_Work instruction_
Line for line, return the data exactly, omitting all pictures.
---------- Supplied data ----------
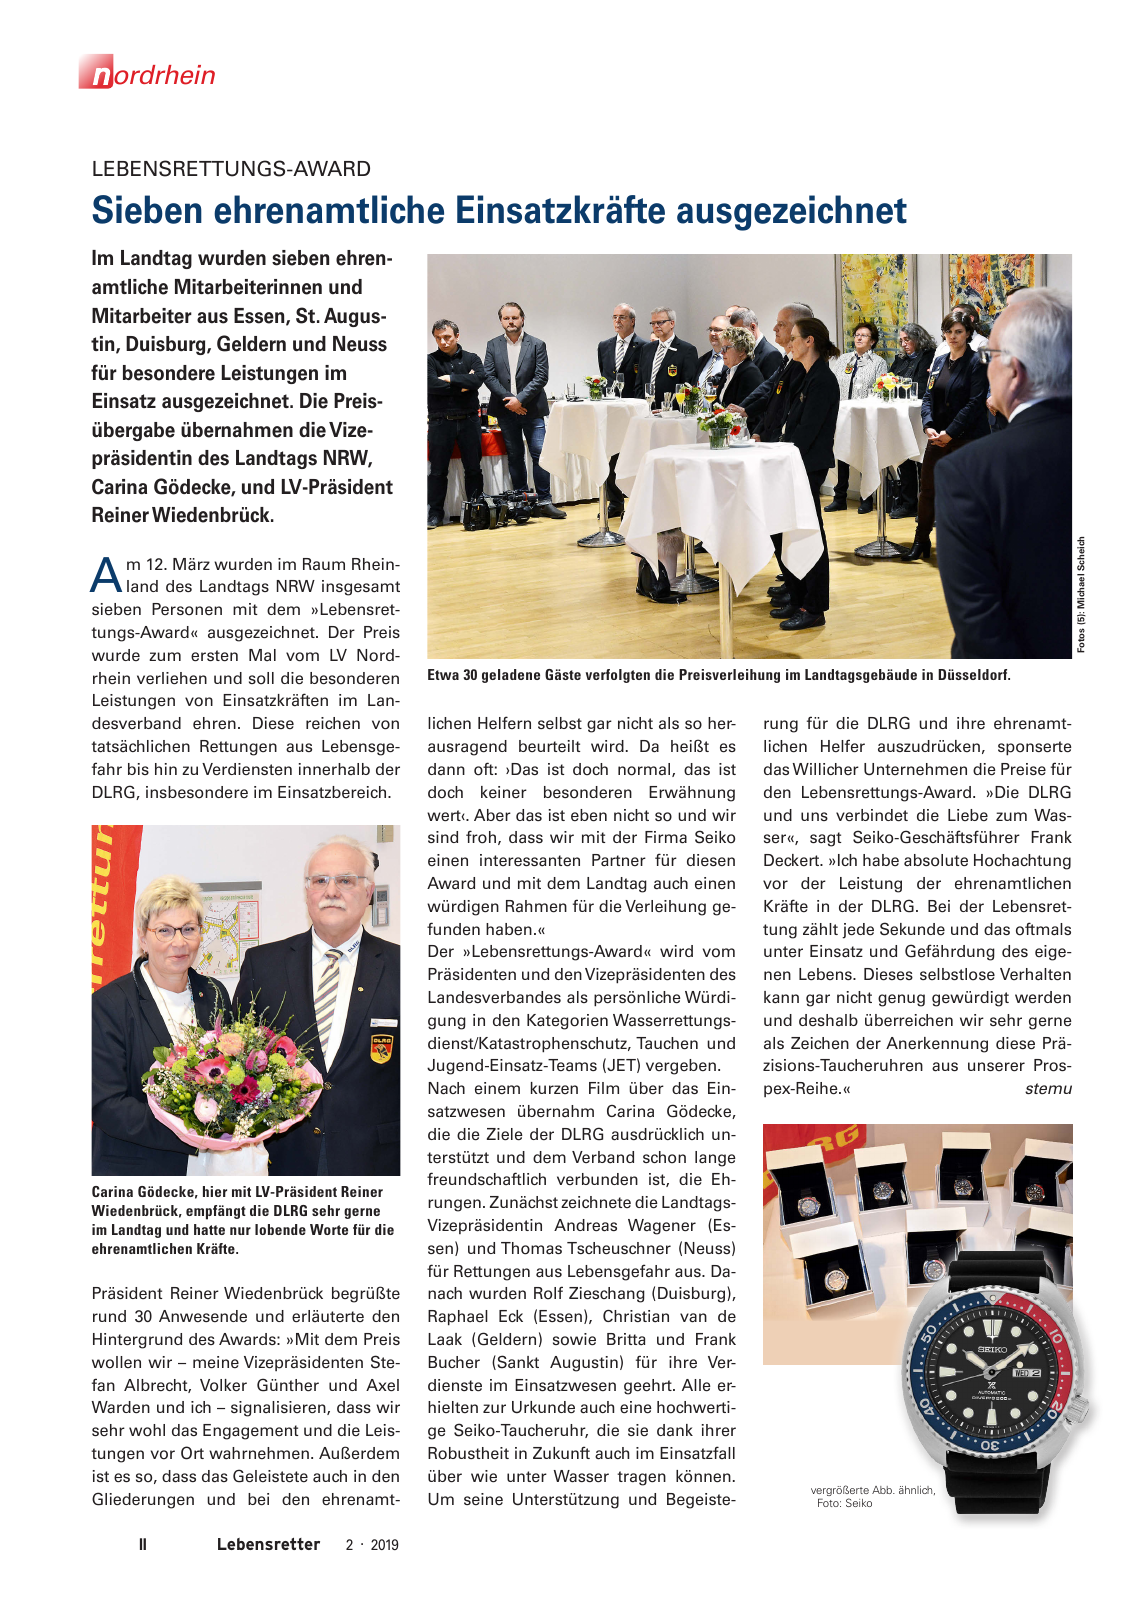 Vorschau Lebensretter 2/2019 - Nordrhein Regionalausgabe Seite 4
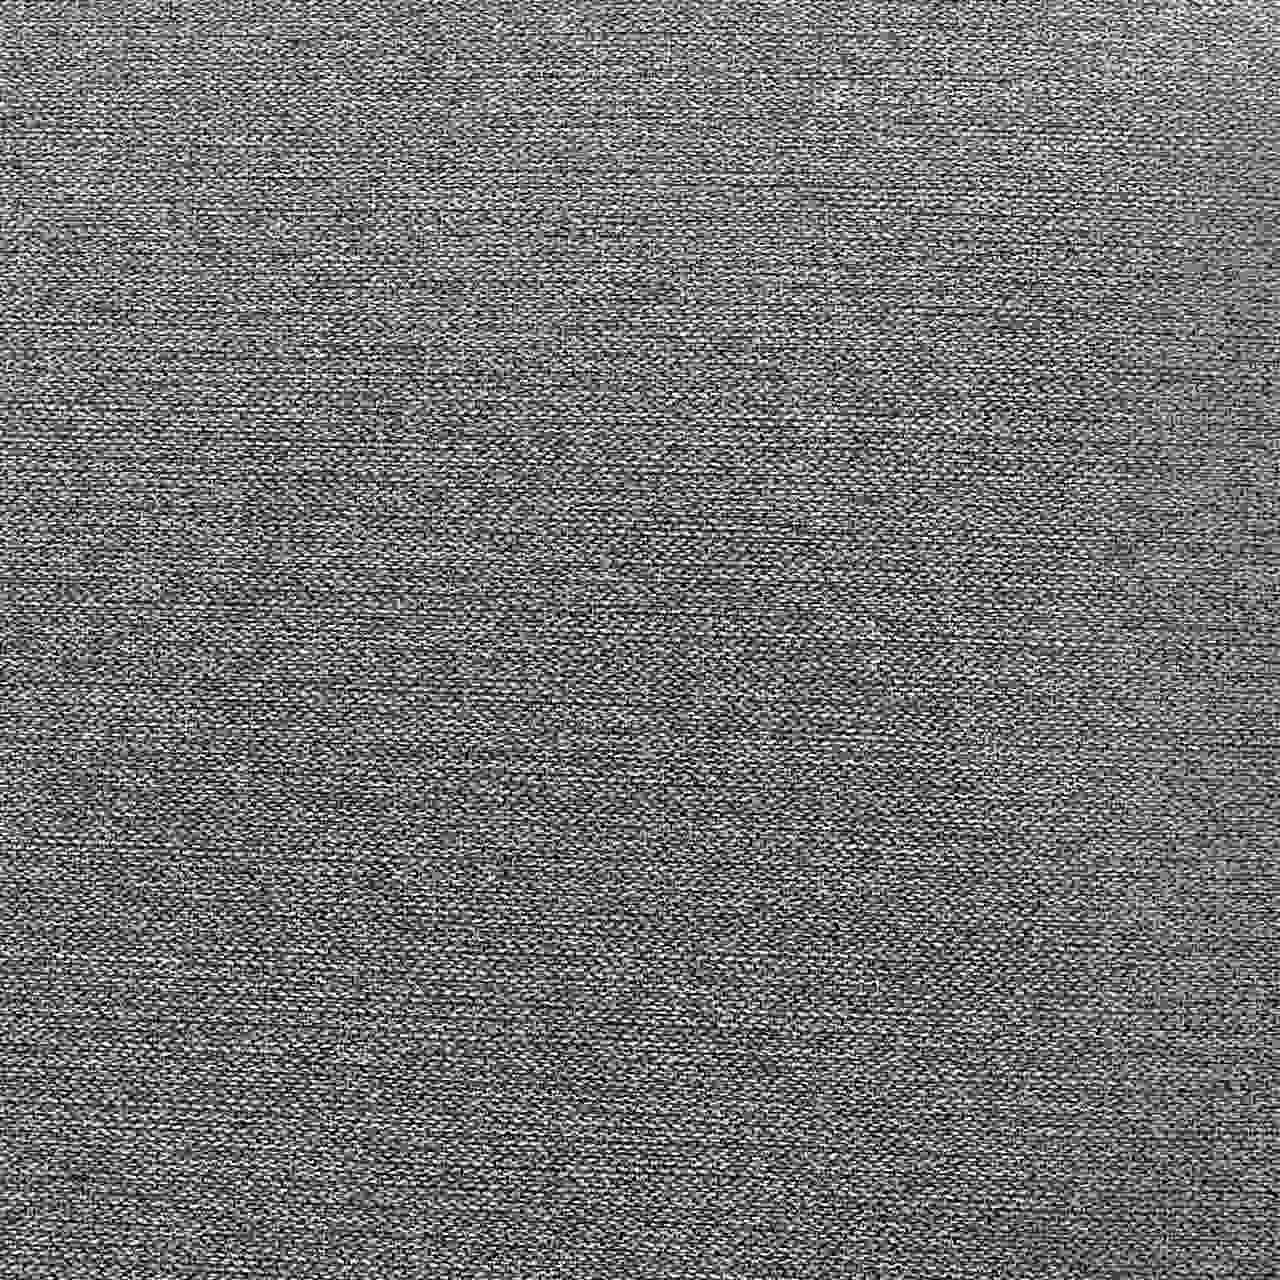 sofa-cama-lipo-trama-larga-grafite-mesclado-202-detalhes-tecido
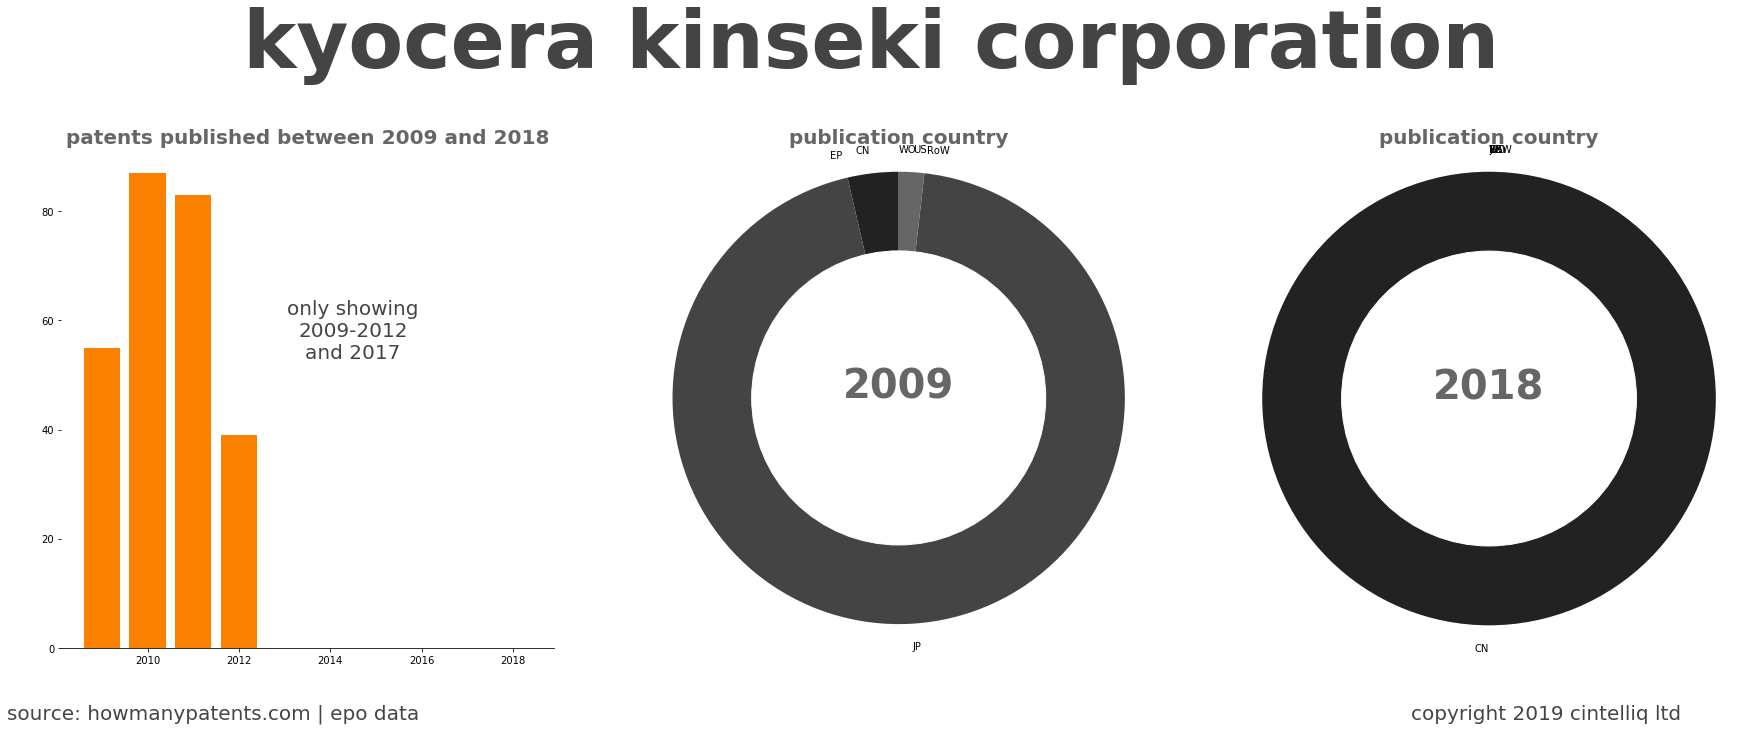 summary of patents for Kyocera Kinseki Corporation
----------
_Completed exercise_
 Vorschau Lebensretter 2/2019 - Nordrhein Regionalausgabe Seite 4
 sofa-cama-lipo-trama-larga-grafite-mesclado-202-detalhes-tecido
 summary of patents for Kyocera Kinseki Corporation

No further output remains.